In March 2017, an East Austin Family received a ‘Notice to Vacate’ from the developers of a neighboring property. The Developers were in the process of tearing down the existing structure and building two new homes on the lot.
The Family had lived in the same property in East Austin for more than 55 years, but in 2017 the Developers claimed for the first time that the Family’s carport and fence encroached onto the Developer’s lot. The Notice to Vacate gave the Family just 3 days to vacate the disputed land or the Developers would file a lawsuit for forcible detainer seeking their eviction.
The Notice to Vacate also stated that the Developers had been suffering, and would continue to suffer special economic damages due to the encroachment, and that the Developers would seek a monetary judgment against the Family unless the carport and fence were removed within 3 days.
Pete Reid Law prepared a lawsuit against the Developers which included a request for a Temporary Restraining Order and a Temporary Injunction against the Developers.
The lawsuit also set forth claims for adverse possession, explaining that the Family were the rightful owners of the disputed property having possessed it continuously for the requisite time.
The concept of adverse possession is a centuries old legal principle that allows a person to claim title to another’s real property based on a history of occupation or possession.
Under Texas law, courts have interpreted every claim of adverse possession as encompassing at least six essential elements: (1) visible appropriation and possession of the disputed property; (2) that is open and notorious; (3) that is peaceable; (4) under a claim of right; (5) that is adverse and hostile to the claim of the owner; and (6) consistent and continuous for the duration of the statutory period. Glover v. Union Pac. R.R., 187 S.W.3d 201, 213 (Tex.App.-Texarkana 2006, pet. denied).

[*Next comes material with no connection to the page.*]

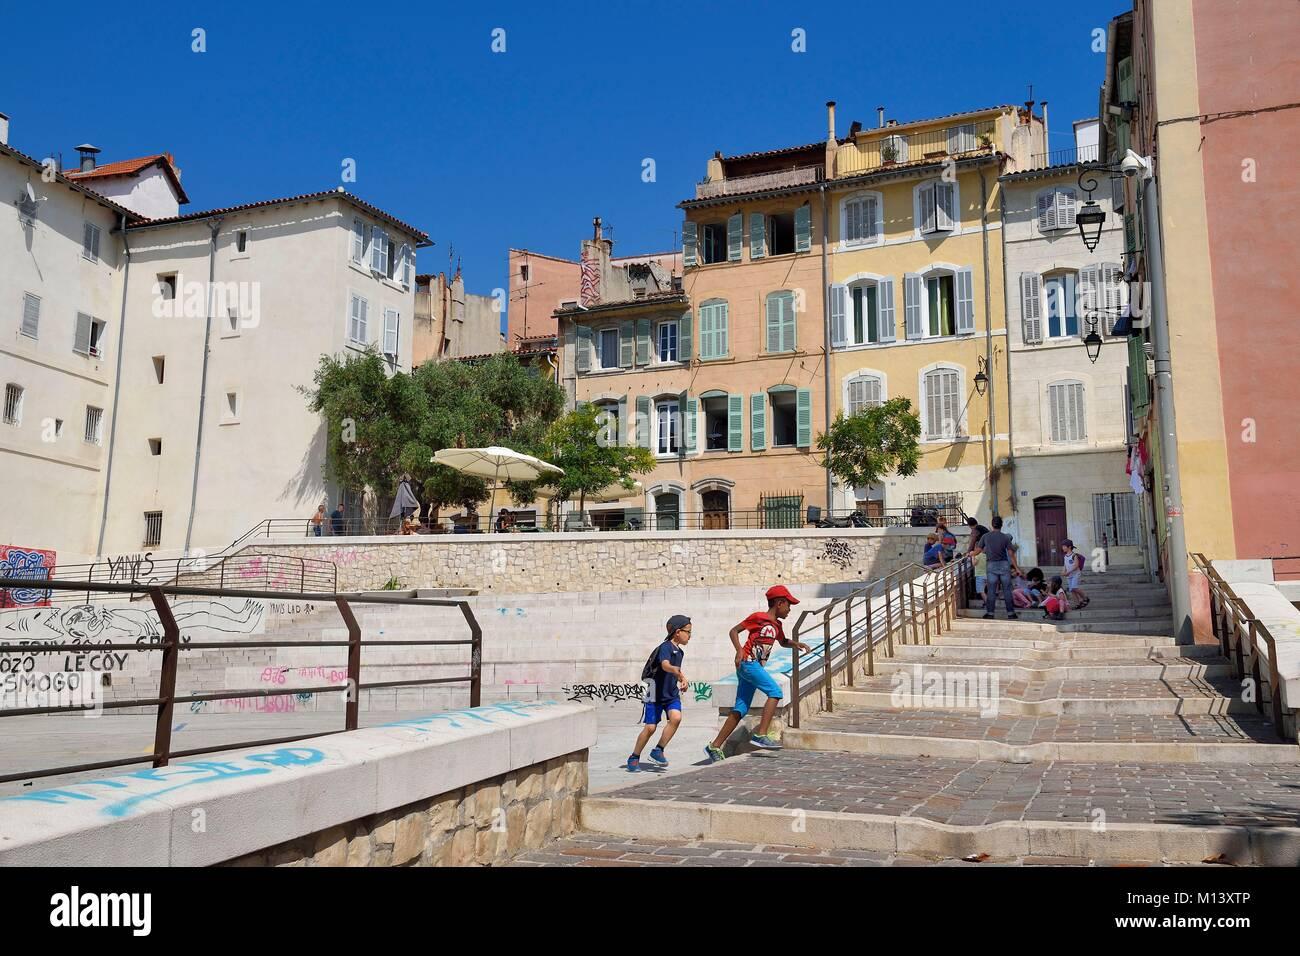 France, Bouches du Rhone, Marseille, Panier district, rue des repenties stairs along the place du refuge - Stock Image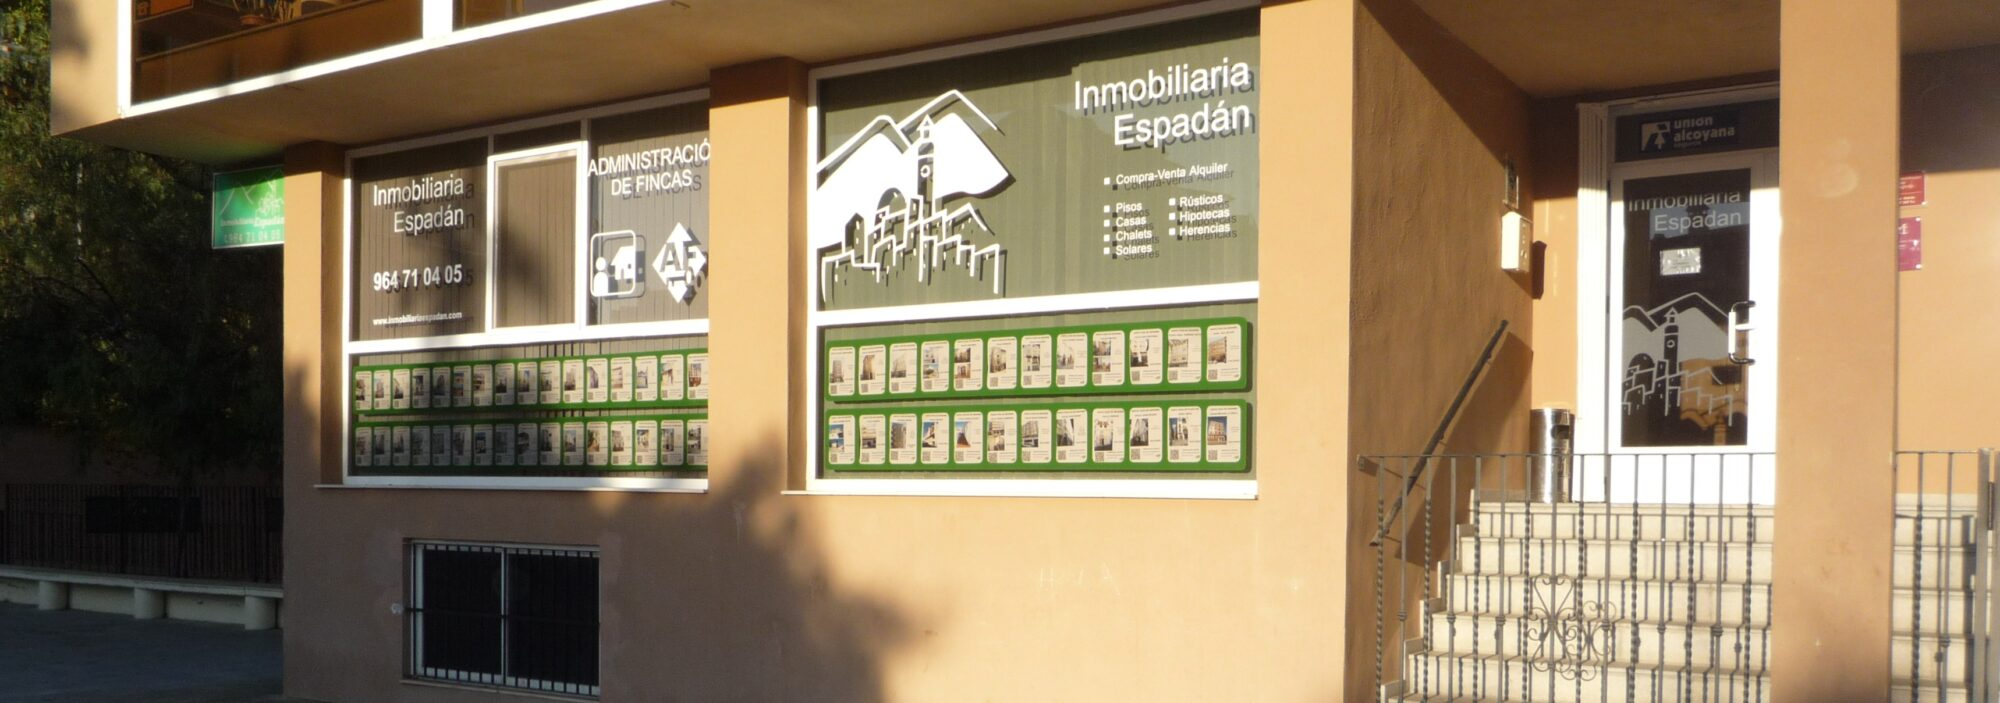 Inmobiliaria Espadán

It has been said that adverse possession requires “an actual and visible appropriation of real property, commenced and continued under a claim of right that is inconsistent with and is hostile to the claim of another person.” BP Am. Prod. Co. v. Marshall, 342 S.W.3d 59, 69 (Tex.2011).
The limitations period is usually 10 years, and almost without exception, the adverse possession must be challenged within 25 years.
Here, the East Austin Family were able to prove their use and possession of the disputed property for more than 50 years.
Latterly the parties entered into negotiations and a settlement was reached. The Developers agreed to pay a hefty lump sum to the Family to be able to use a portion of the disputed land, a strip measuring less than 19 inches at its widest point. The Developers also agreed to bear the entire cost of removing all existing fences and build a new six-foot-tall wooden privacy fence between the properties. Agreement was also reached for the Family’s carport to be removed and rebuilt.
Ultimately the Developers were able to finish their construction project, and the East Austin Family were well compensated for the inconvenience.